Using Rye

This is a tutorial for how to use Rye to compute ancestry estimates

Dependencies and Installations

//Execute commands individually

//Mamba version
mamba install r-base
mamba install r-hmisc
mamba install r-optparse

//Conda version
conda install -c conda-forge r-base
conda install -c conda-forge r-hmisc
conda install -c bioconda r-optparse

There are also R packages that need to be installed on the system:

//First activate R environment
R

After you have activeated the R virtual environment in the shell, install the following packages

//Install packages individually
install.packages('nnls')
install.packages('crayon')
install.packages('hmisc')

//Quit R 
q()

Installing Rye

Execute the following line of code in your desired directory

//Downloading the repository
git clone https://github.com/healthdisparities/rye

    ------------
    //If you do not have git installed, you can install using
    mamba install git
    ------------

//Making sure permissions are correct
cd rye

//If they aren't ->
chmod +x rye.R

//Checking if the installation happened correctly
./rye.R -h

General Usage

Running an example (if needed)

The repository already comes with an example that is helpful. Execute the following code into the command line

./rye.R --eigenvec=examples/example.eigenvec --eigenval=examples/example.eigenval --pop2group=examples/pop2group.txt --rounds=5 --threads=2 --iter=5 --out=out

Options

--eigenval=<EVAL_FILE>
        Eigenvalue file [REQUIRED]

--eigenvec=<EVEC_FILE>
        Eigenvector file [REQUIRED]

--pop2group=<P2G_FILE>
        Population-to-group mapping file [REQUIRED]

--output=<OUTPUT_PREFIX>
        Output prefix (Default = output)

--threads=<THREADS>
        Number of threads to use (Default = 4)

--pcs=<#PCS>
        Number of PCs to use (Default = 20)

--rounds=<OPTIM-ROUNDS>
        Number of rounds to use for optimization (higher number = more accurate but slower; Default=200)

--iter=<OPTIM-ITERS>
        Number of iterations to use for optimization (higher number = more accurate but slower; Default=100)

--attempts=<ATTEMPTS>
        Number of attempts to find the optimum values (Default = 4)

-h, --help
        Show this help message and exit

Steps for Success

Step 1: Ensure PCs are calculated

Before we can run rye, we need to make sure that we already ran Principal Component Analysis (PCA) on the datset. If this has not already been done, stop here and run PCA first

Step 2: Create a population to group mapping file

A population to group mapping file simply provides instructions on how to aggregate populations into groups (e.g., GBR and CEU into European or Western European groups).
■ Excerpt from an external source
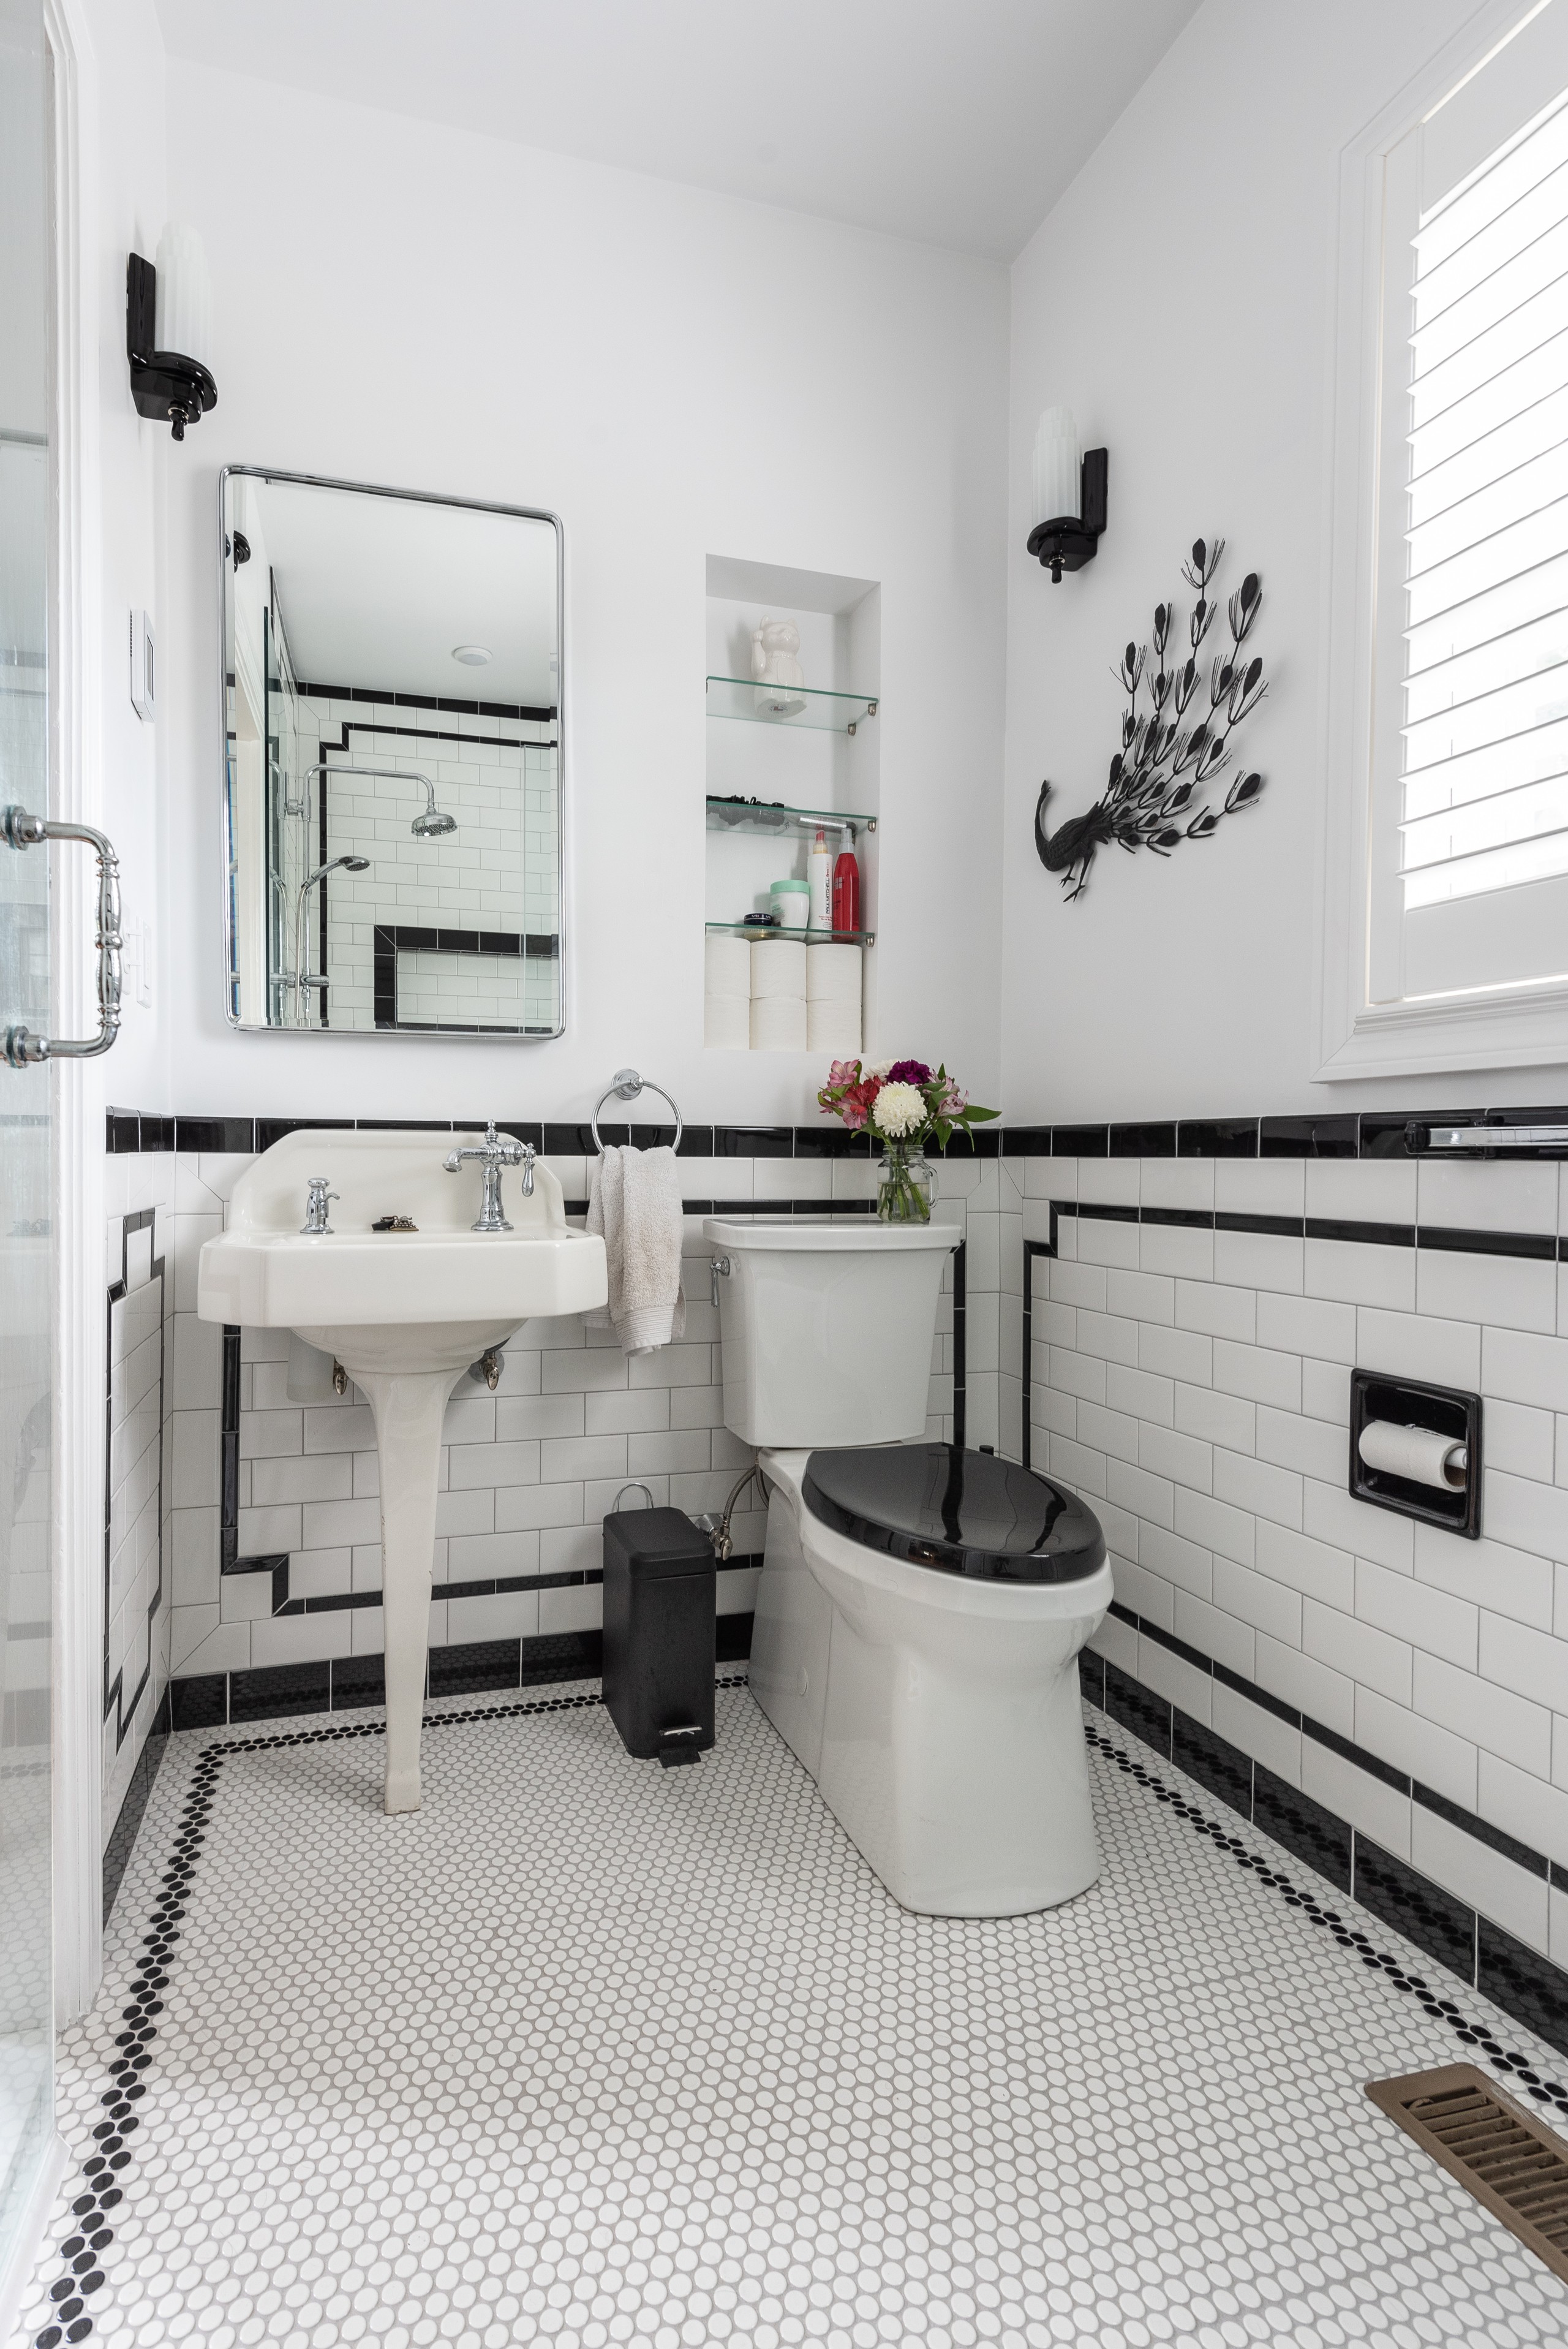 White Tile Bathroom Ideas, Black And White Bathroom Floor Tiles
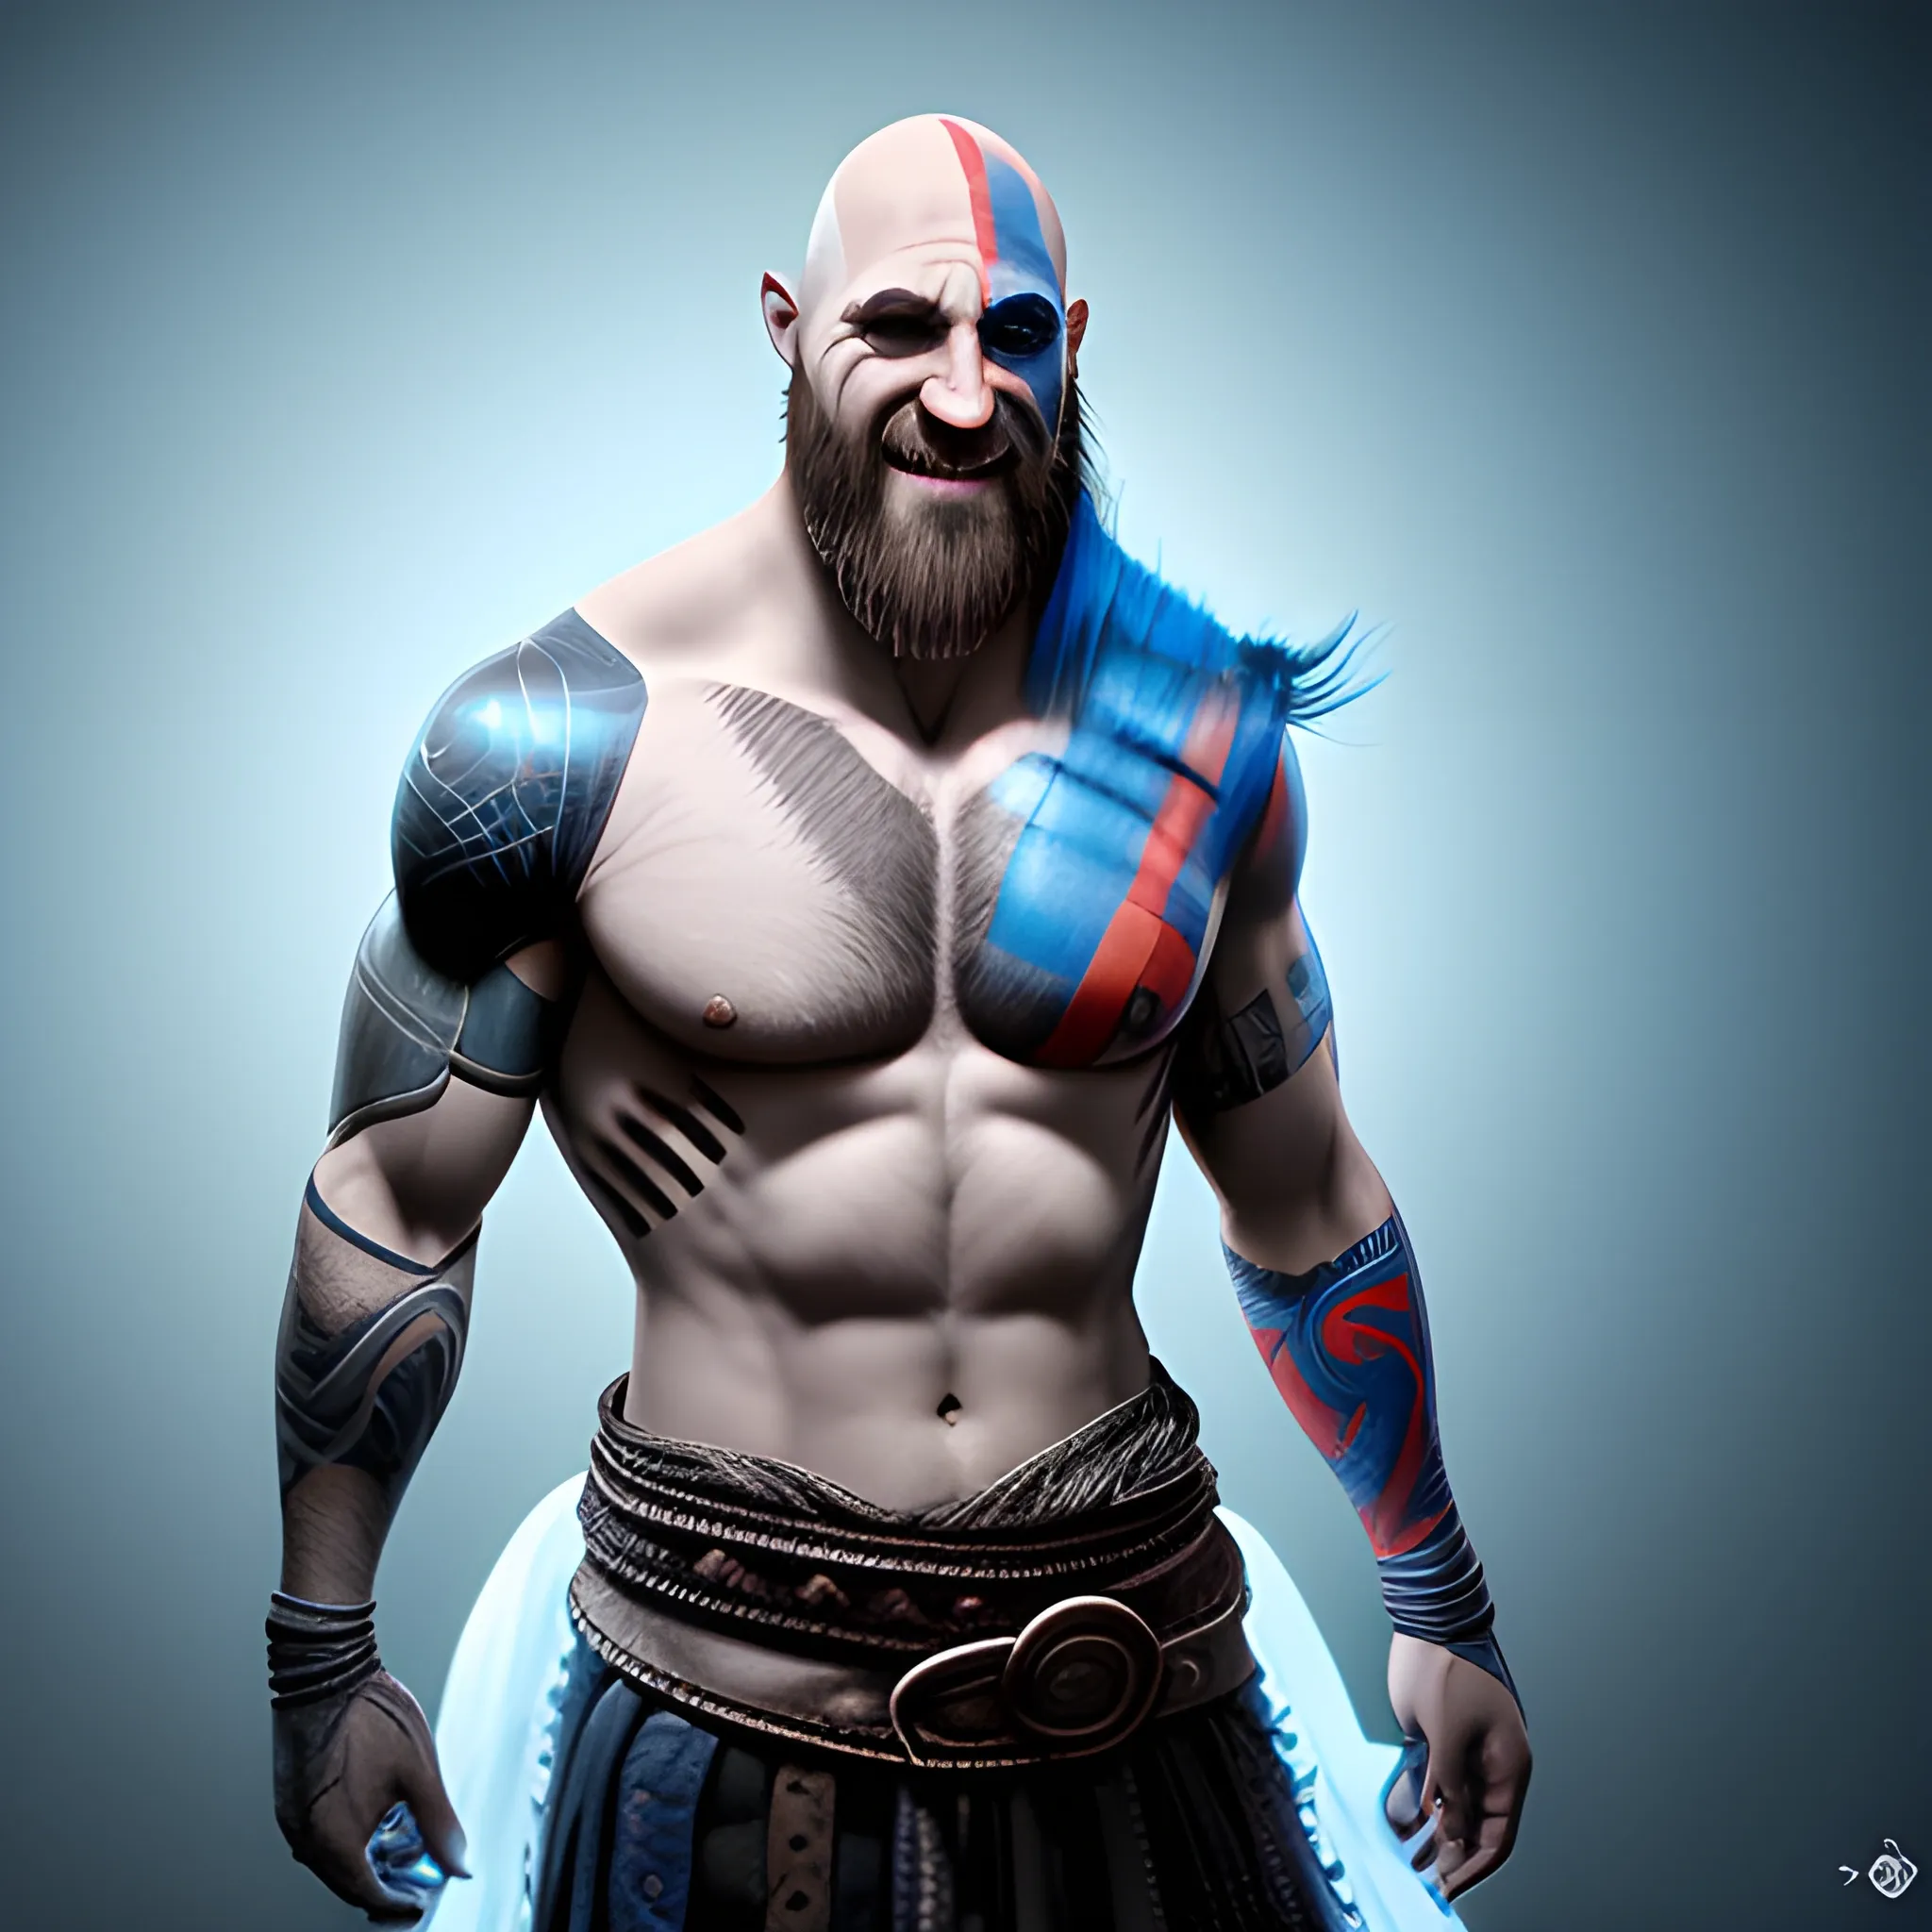 imagen fotorrealista de kratos, cuerpo completo, sonrisa ominosa

This is a tab-separated file with headers and two mandatory columns - Pop and Group - rest of the columns are ignored:

Pop Group
CEU European
GBR European
YRI African
GWD African
CHB Asian
JPT Asian

The name of the file is inconsequential and the user can decide a name that is intuitive to them.

Step 3: Estimating ancestry through Rye

Finally, run the following command:

./rye.R --eigenval=input.eigenval --eigenvec=input.eigenvec --pop2group=pop2group.txt --output=rye_output

This will create two output files: 1. rye_outputM.N.Q: An admixture style file with M = number of PCs and N = number of groups in the pop2group.txt file 2. rye_outputM.fam: A FAM file containing the mapping of the individuals

Fine tuning

Rye currently supports the following options for fine tuning of the results: 1. pcs 2. rounds 3. iter 4. attempts

In general, the top 20 PCs are usually sufficient for assessing accurate results.